Many of the foot-soldiers of the tyranny that was unleashed in the name of covid will say “we were just following orders.” In the case of the medical profession, these orders were the ubiquitous “guidelines” that have corrupted medicine for decades. At the level of the doctor, the nurse, perhaps even the policeman, there is undoubtedly a discussion to be had about culpability and guilt. Many of these foot-soldiers still believe they are doing good - they are dangerous and ignorant and stupid, but it would be much more difficult to prove criminal liability.
But the leaders of the totalitarian covid tyranny are guilty as hell. The ghouls at the FDA who knew the data but ignored it (one ghoul on the vaccine approval committee even said on record that starting to inject healthy children on a mass scale with the covid injection would be the only way they would know its adverse effects), the leaders of our nations who became apologists for global organizations and salespeople for big-Pharma, the public health chiefs who became consumed with a sense of their own importance and unleashed unscientific misery upon the people, the CEOs of vaccine companies who knew the harms of the covid injection but knowingly played havoc upon the lives of the people - these movers and shakers of the tyranny must be brought before a court of law. There must be judgement - and the law must take its course.
Judgement and the meting out of justice is the only way that society can be protected from future, even more serious harm. And if the harm is repeated, there must be further judgment for crimes, further punishment - and thus it is that justice keeps watch over our broken world and is constantly mitigating and controlling harm.
Forgiveness has present and eternal consequences for us. We are instructed to ask God to “forgive us our trespasses as we forgive those who trespass against us.” Forgiveness frees us from the burden of bitterness but it does not abolish judgment for the trespasser.
The fair administration of justice is part of the command to “love your enemy” and punishment for crime is part of “doing good to those who hate you.”

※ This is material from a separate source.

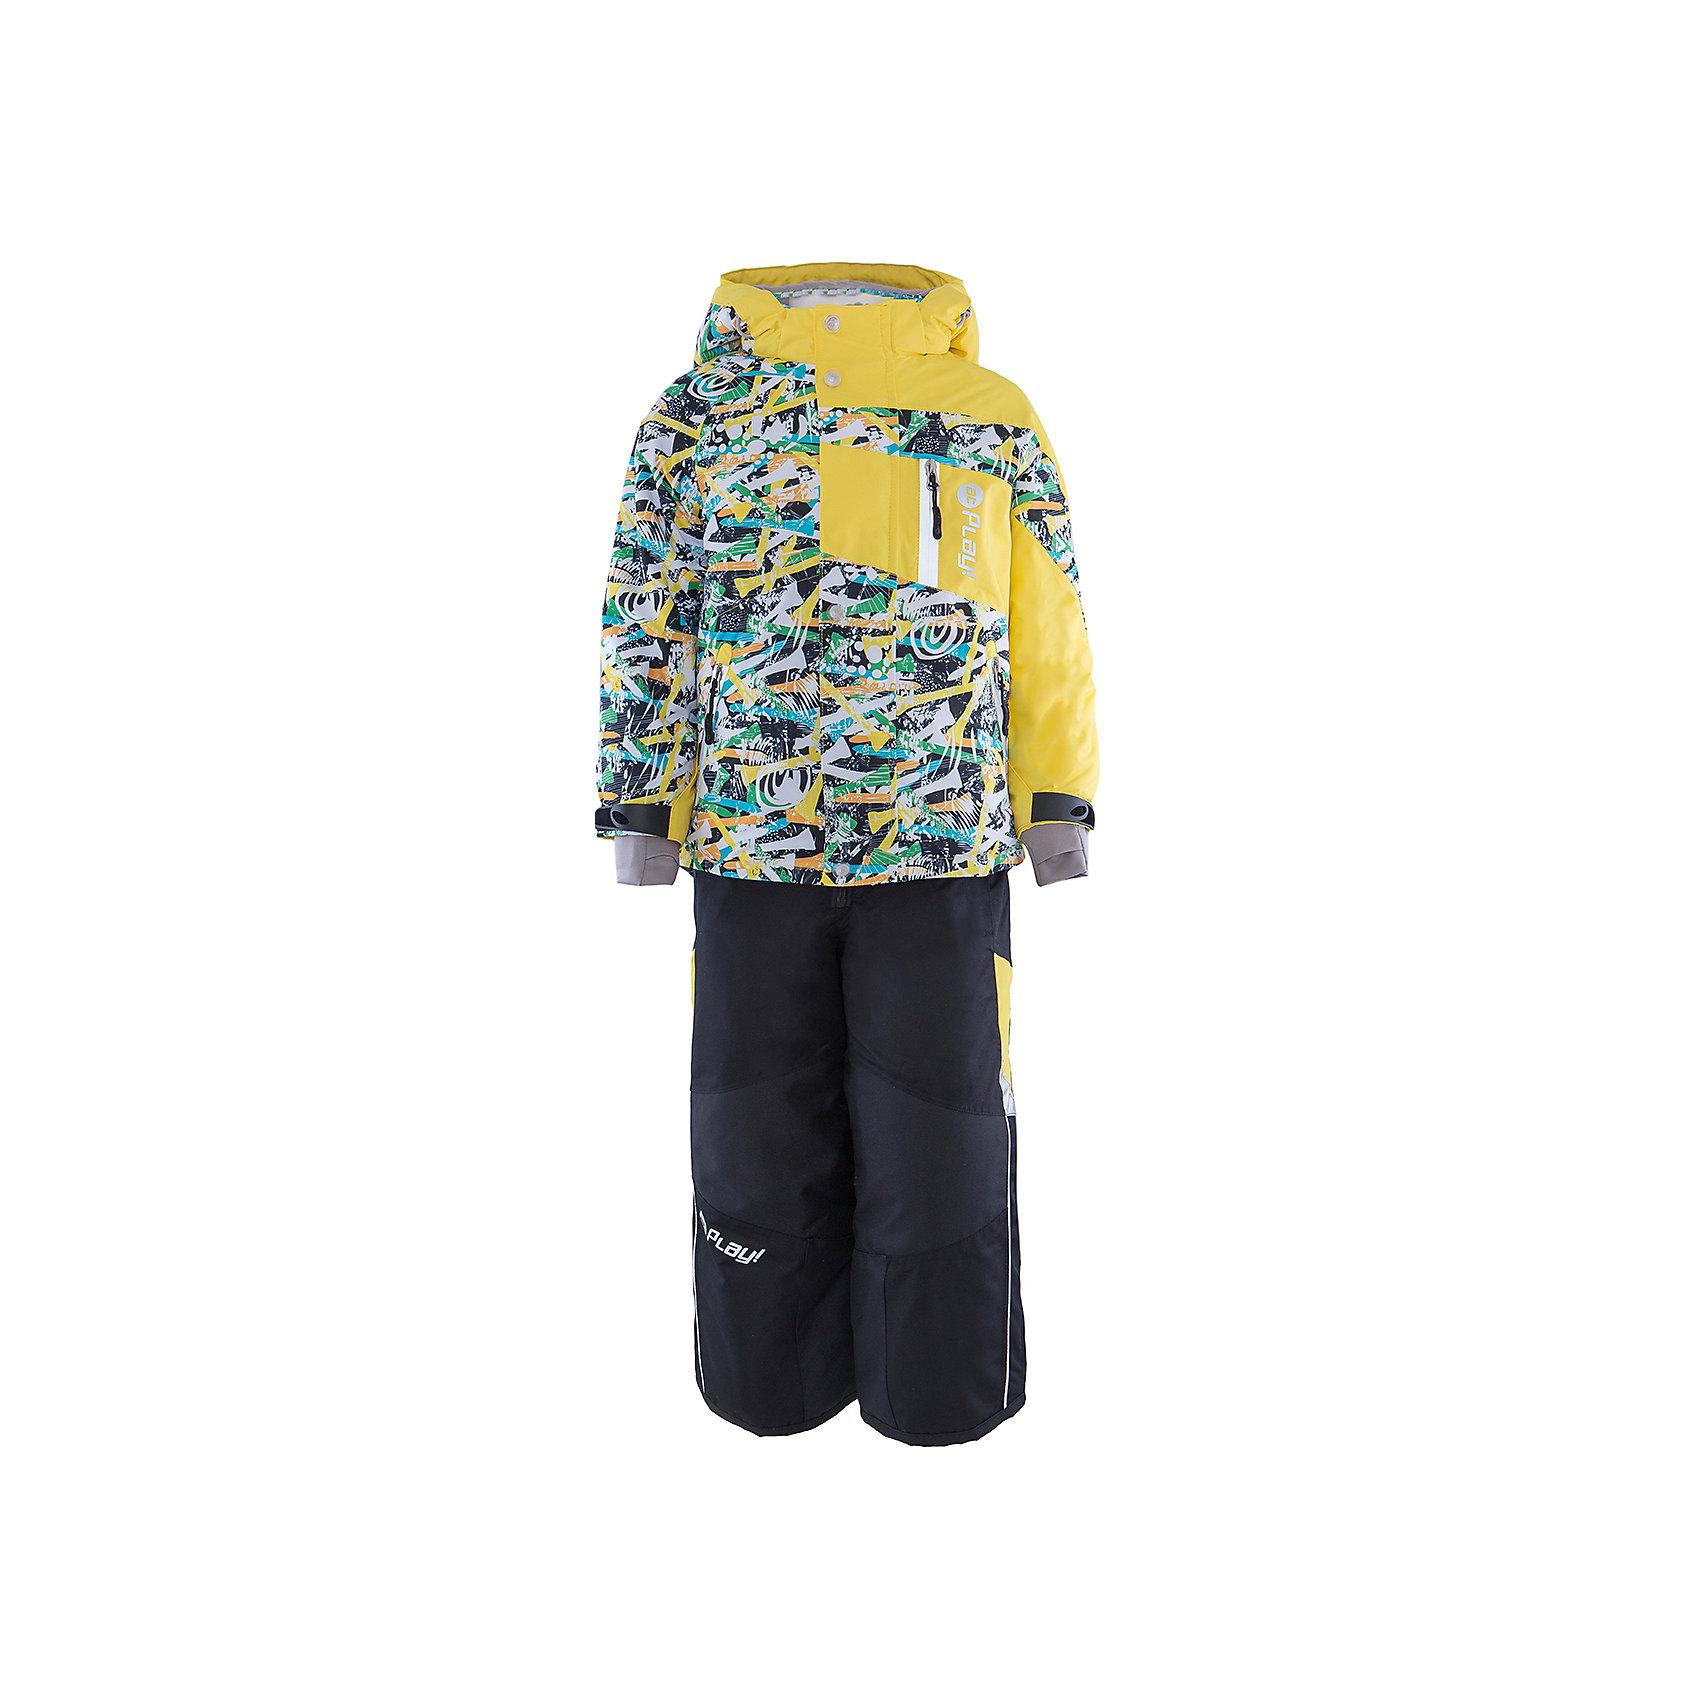 Комплект: куртка и полукомбинезон для мальчика atPlay!В холода необходимо особенно тщательно подходить к подбору одежды для ребенка. Чтобы обеспечить ему тепло, сухость и комфорт, можно выбрать этот костюм, сшитый из мембранного материала.<br>Он позволяет коже дышать, помогает выводить лишнюю влагу, при этом не позволяет ребенку замерзнуть или промокнуть. Выглядит при этом модель очень симпатично! Изделие выполнено очень качественно. Фурнитура для него подбиралась с учетом особенностей детского организма. В комплекте идет курточка и полукомбинезон.<br><br><br>Дополнительная информация:<br><br>цвет: желтый;<br>материал: полиэстер, фурнитура YKK, водо- и грязеотталкивающее покрытие Teflon, нижний комбинезон - флис;<br>утеплитель: Thinsulate 150 г;<br>температурный режим: от -25° С до +5° С;<br>мягкие элементы на капюшоне и воротнике;<br>паропроницаемость: 10000 г / м.куб. / 24 ч;<br>водонепроницаемость: 10000 мм / 24 ч;<br>швы проклеены;<br>капюшон регулируется.<br><br>Костюм для мальчика от бренда atPlay! можно приобрести в нашем интернет-магазине.<br><br>Ширина мм: 356<br>Глубина мм: 10<br>Высота мм: 245<br>Вес г: 519<br>Цвет: желтый<br>Возраст от месяцев: 36<br>Возраст до месяцев: 48<br>Пол: Мужской<br>Возраст: Детский<br>Размер: 104,128,122,110<br>SKU: 4973810

I don’t find I struggle to forgive those who made mistakes during the last couple of years but I am struggling with those who still choose not to see it , continue to promote the fear and still don’t see that the unvaccinated were treated terribly. I am a christian and love Jesus and know I must forgive as I have been forgiven but I have to admit it is a struggle.
Beautifully said, Dr. At a micro-level, I'm having a hard time letting go of wrongs committed. I'm working on forgiveness (for family & friends).